O'Hara also helped set up the portable hospital at the Grand Bahama Island to support post flight examination and, if needed, treat injured astronauts after landing (especially in the sub orbital flights). Additional Nurse, Lieutenant Shirley Sineath was assigned as a surgical nurse on the recovery team.

In 1964, she moved to Houston to set up the Flight Medicine Clinic at the Manned Spacecraft Center in Houston. She was the Occupational Health Nurse until 1967, and the manager of the Preventive Medicine Office between 1967 and 1971.

During the Gemini Program she worked with the astronauts and the families, while she was the only nurse along the five flight surgeons.
O'Hara performed all the pre-flight checks, fly down to Cape Canaveral and stayed there until the crew was recovered and brought back to the Cape, to do the post-flight exams. In Houston she performed all the routine check ups and more detailed exams, along with all of the administrative tasks, and taking care of the astronaut families. In addition to taking care of the astronaut families, the clinic also took care of the NASA aircraft operations pilots and all the crew personnel. O'Hara supported the Apollo Program astronauts, through tragedies like the Apollo 1 fire and accomplishments such as the Moon landings.

Between 1971 and 1974 O'Hara was the manager of the Medical Operations Division in the Flight Medicine Branch until moving to Ames Research Center. She was involved in the decision to ground astronaut Ken Mattingly from Apollo 13 due to the concern he might have contracted German measles.
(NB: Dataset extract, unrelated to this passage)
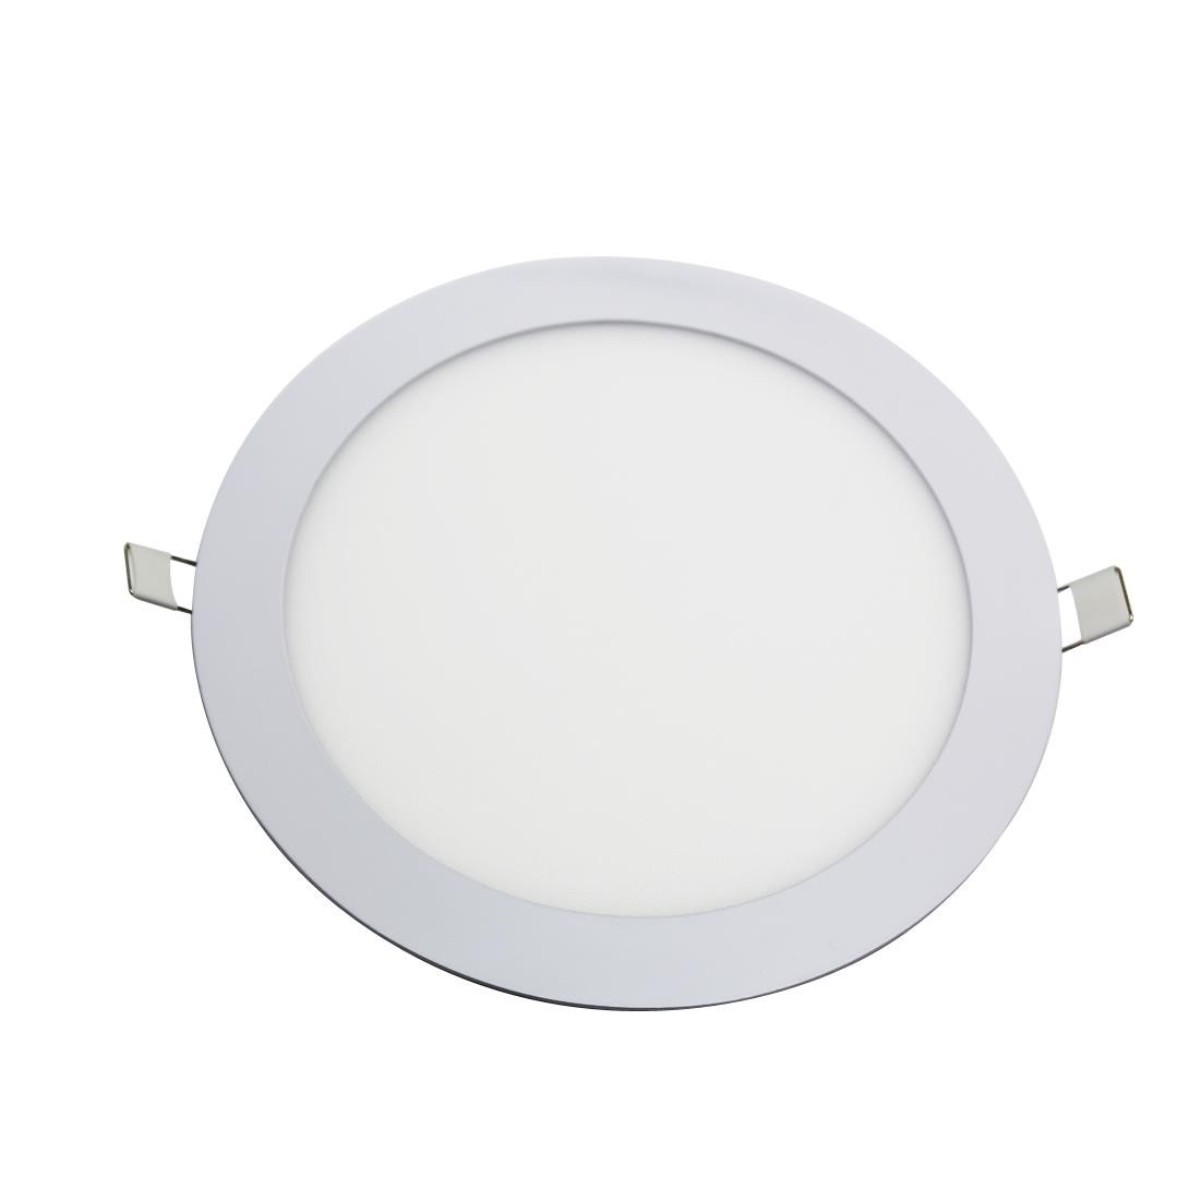 Painel LED de Embutir Redondo 18w 4000k
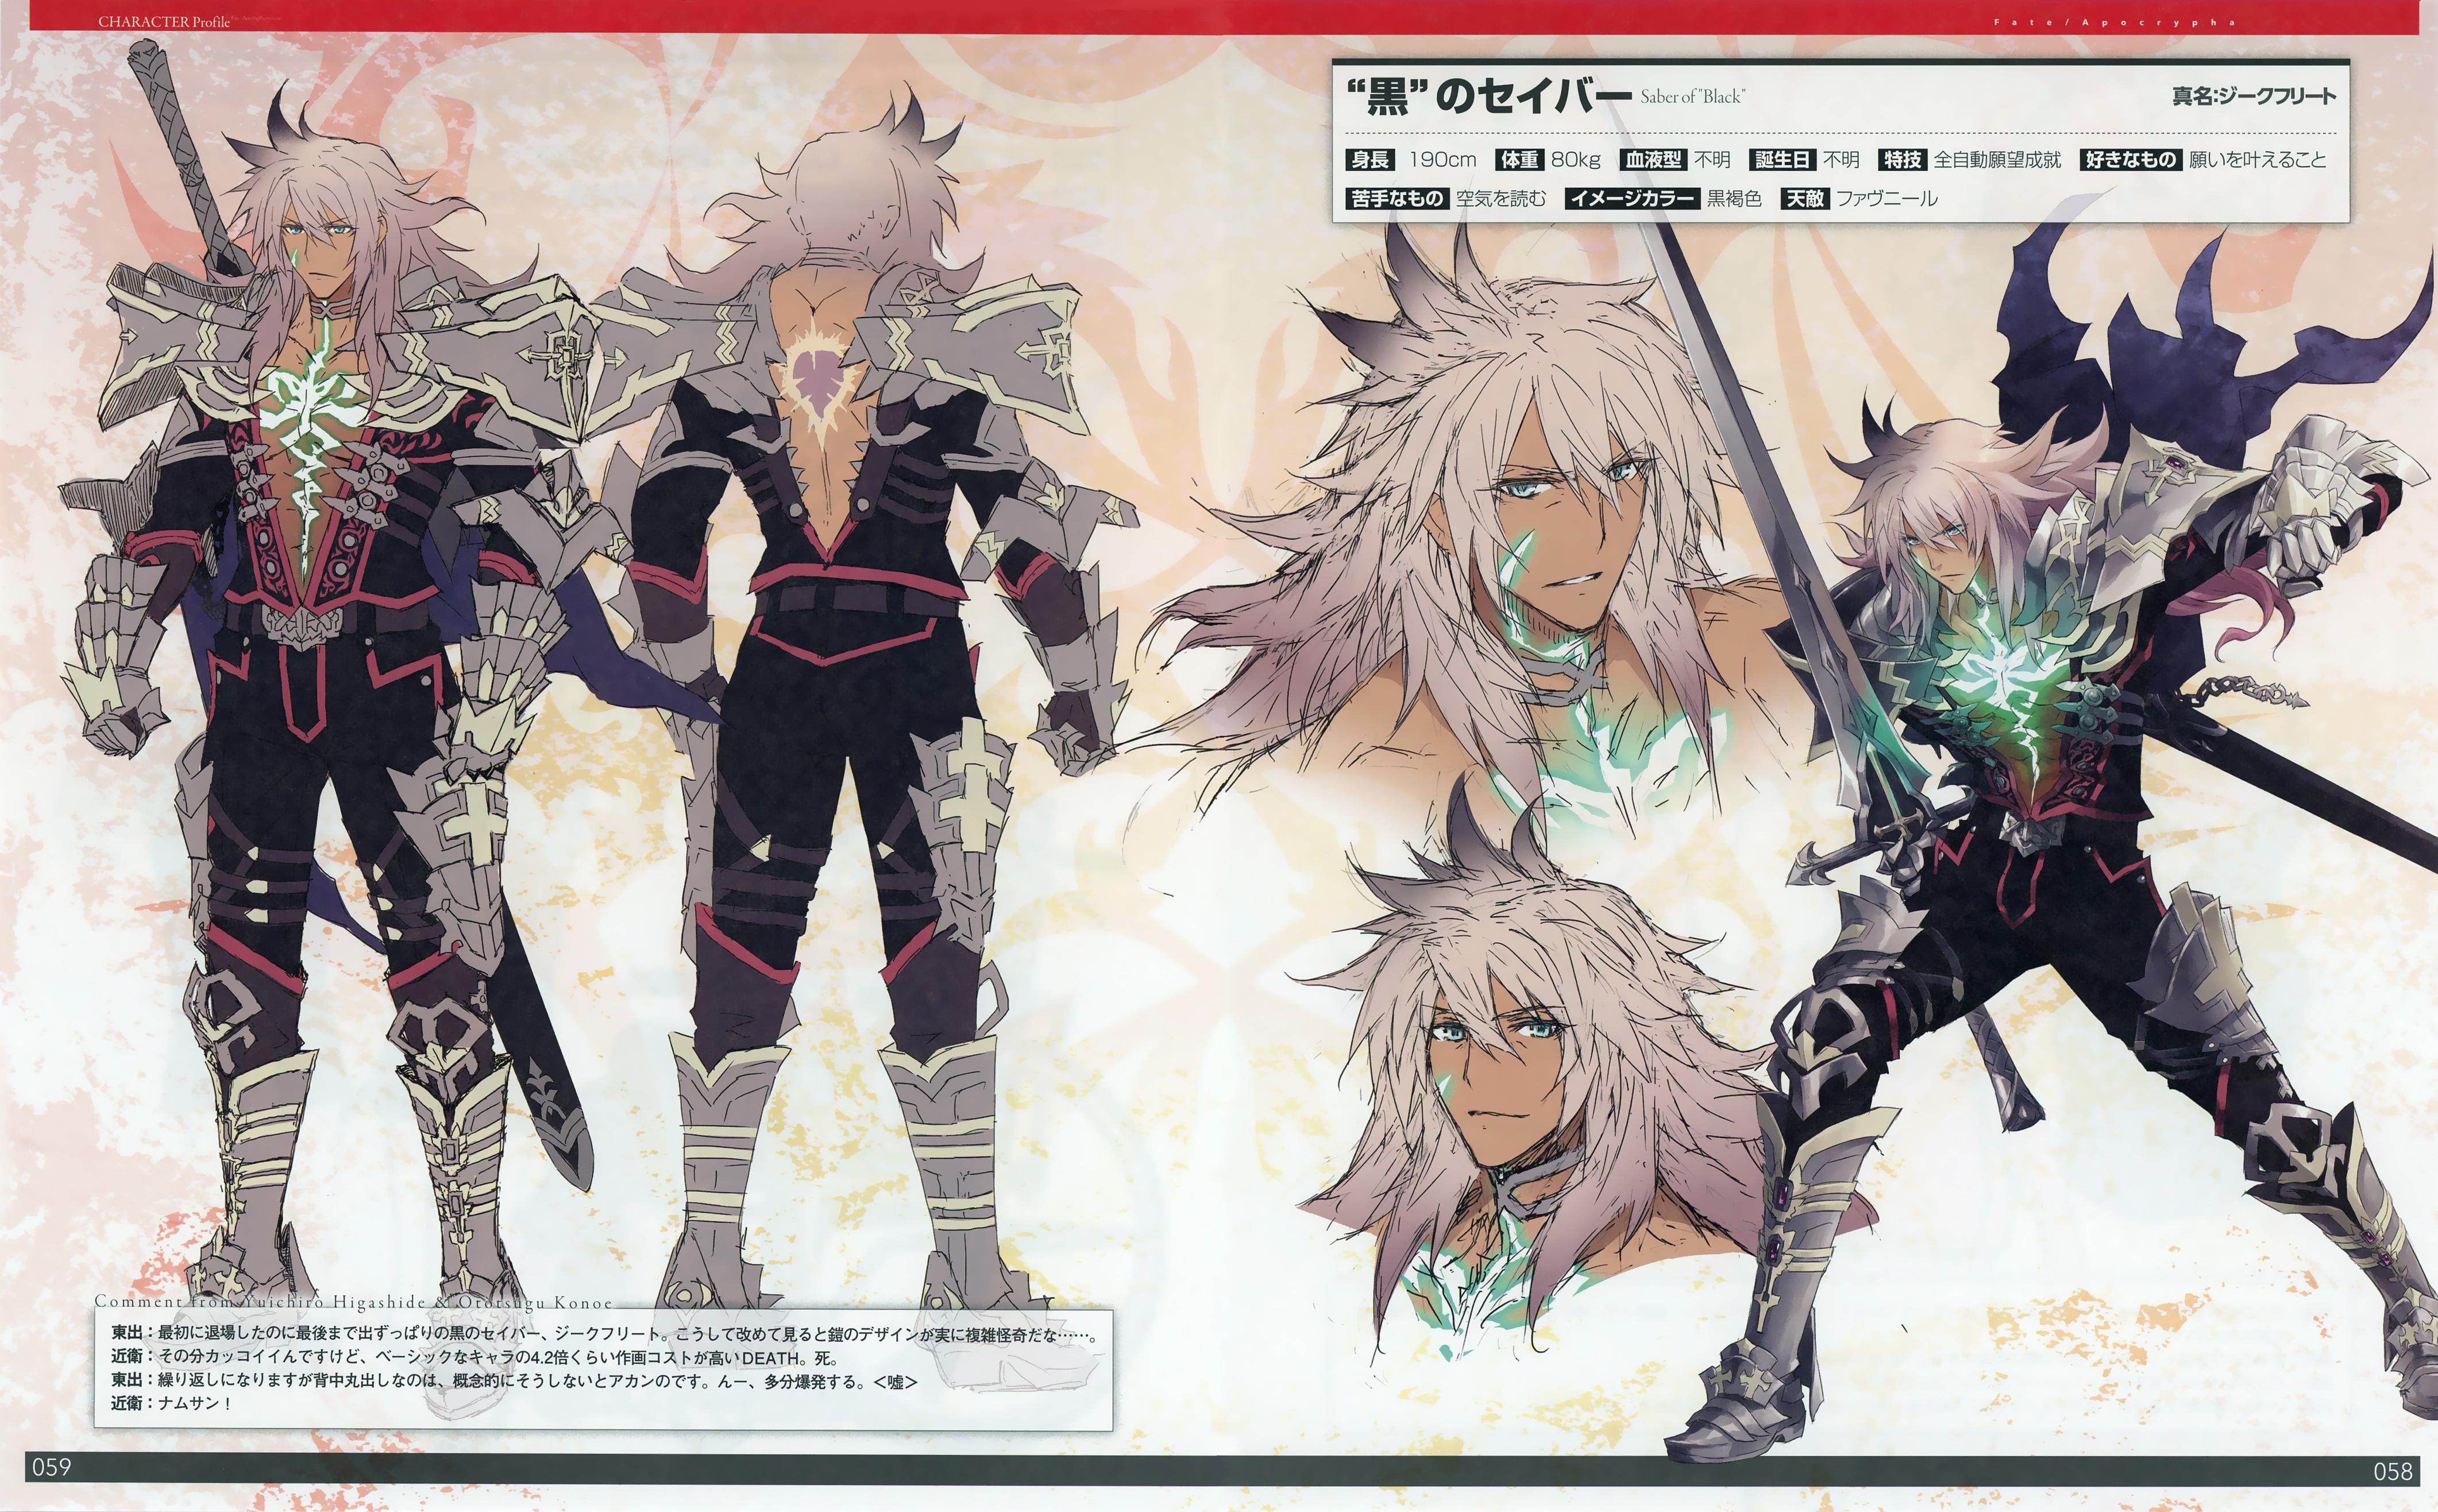 Black Saber Fate Apocrypha Zerochan Anime Image Board

O'Hara participated in every launch in the Mercury, Gemini and Apollo programs. After Skylab, she was also invited to participate in the Apollo-Soyuz Test Program (ASTP) and the first shuttle flight in 1981.
 During her time as the Astronaut's Nurse, she received a large amount of fan mail.

==Ames Research Center==
In 1974, O'Hara moved to the Ames Research Center where she managed the Human Research Facility until her retirement in 1997. Among her projects, she was in charge of bed rest studies which discovered physiological parallels between bed rest and spaceflight conditions, findings that were foundational for ground-based studies of astronaut orbital health.

After her retirement O'Hara continued to volunteer at the Ames Human Research Center. She is also an outside member of the Human Research Institutional Review Board.

==Portrayals==
In the 1998 miniseries From the Earth to the Moon, O'Hara was portrayed by Ann Magnuson.

In the 2020 television series The Right Stuff, she was portrayed by Kaley Ronayne.